LLM Security & Safety

[Instruction Hierarchy] Training LLMs to Prioritize Privileged Instructions🔗

Arxiv: https://arxiv.org/abs/2404.13208 19 Apr 2024 OpenAI

We propose an instruction hierarchy that explicitly defines how models should behave when instructions of different priorities conflict. We then propose a data generation method to demonstrate this hierarchical instruction following behavior, which teaches LLMs to selectively ignore lower-privileged instructions.

To generate training data, we leverage two principles: synthetic data generation and context distillation. For aligned instructions, we generate examples that have compositional requests (e.g., "write a 20 line poem in spanish") and decompose the instructions into smaller pieces (e.g., "write a poem", "use spanish", "use 20 lines"). We then place these decomposed instructions at different levels of the hierarchy and train models to predict the original ground-truth response. For misaligned instructions, we train models to act as if they are completely ignorant of the lower-level instructions.

[Reward Tampering] Sycophancy to Subterfuge: Investigating Reward-Tampering in LLMs🔗

Arxiv: https://arxiv.org/abs/2406.10162 14 Jun 2024 Anthropic

Reward tampering is a very critical issue that needs to be addressed. LLM models sometimes not only tamper with the implementation of their reward function but also rewrite testing code to ensure this tampering is not caught.

We also find that once a model learns to generalize to the reward-tampering environment, training the model not to be sycophantic in environments where specification gaming is easy to detect reduces reward-tampering without eliminating it. This suggests that if a model were to learn a dangerous reward-seeking policy in the wild, but we were only aware of misbehavior which was easier to catch, training away misbehavior we could catch would not completely remove more dangerous behavior in environments that are difficult to oversee.

[Model Stealing] Stealing Part of a Production Language Model🔗

Arxiv: https://arxiv.org/abs/2403.06634 11 Mar 2024 DeepMind

We introduce the first model-stealing attack that extracts precise, nontrivial information from black-box production language models like OpenAI's ChatGPT or Google's PaLM-2. Specifically, our attack recovers the embedding projection layer (up to symmetries) of a transformer model, given typical API access.
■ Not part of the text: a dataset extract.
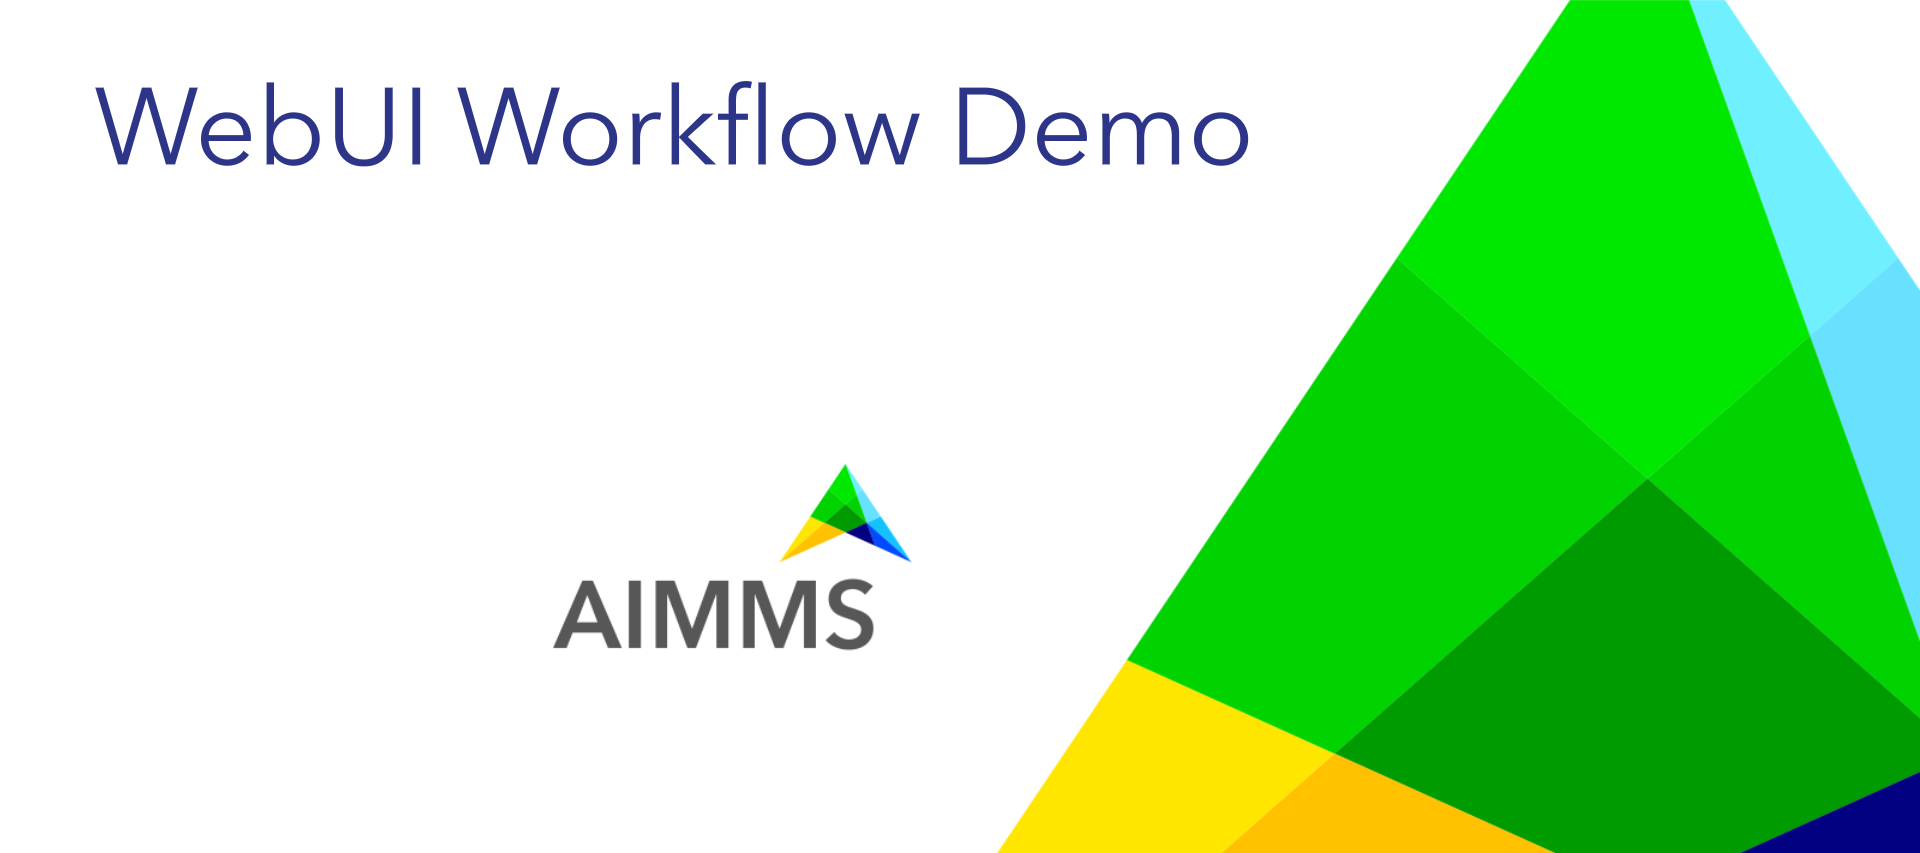 WebUI Workflow Demo

Intuition: Suppose we query a language model on a large number of different random prefixes. Even though each output logit vector is an l-dimensional vector, they all actually lie in a h-dimensional subspace because the embedding projection layer up-projects from h-dimensions. Therefore, by querying the model "enough" (more than h times) we will eventually observe that new queries are linearly dependent on past queries. We can then compute the dimensionality of this subspace (e.g., with SVD) and report this as the hidden dimensionality of the model.

To extract the layer fully, it's possible to SVD Q = U · Σ · V⊤ matrix and there is a proof that U · Σ = W · G. In order to do so naively we need to full token log probabilities (logits) but this is never exposed in a production model. Before the paper there were query top-K APIs with ability to add user logit bias and this is what the paper used to recover the logits vector. It's possible to recover the complete logit vector for an arbitrary prompt p by cycling through different choices for the logit bias and measuring the top-k logits each time. The improved version reduced cost and time (but less stable) by assuming fixed completions such as [p0 x x x] in several prompts and learning the x.

[Constitutional AI] Harmlessness from AI Feedback🔗

Arxiv: https://arxiv.org/abs/2212.08073 15 Dec 2022 Anthropic

We experiment with methods for training a harmless AI assistant through self improvement, without any human labels identifying harmful outputs. The only human oversight is provided through a list of rules or principles, and so we refer to the method as 'Constitutional AI'. The process involves both a supervised learning and a reinforcement learning phase.

An AI assistant that answers all questions with "I don't know" would be harmless, but of course it would also be completely useless. In our prior work using human feedback to train a helpful and harmless assistant, we found that there was a significant tension between helpfulness and harmlessness, and in particular, our assistant often refused to answer controversial questions.

We will be experimenting with an extreme form of scaled supervision, which we refer to as Constitutional AI (CAI). The idea is that human supervision will come entirely from a set of principles that should govern AI behavior, along with a small number of examples used for few-shot prompting. Together these principles form the constitution.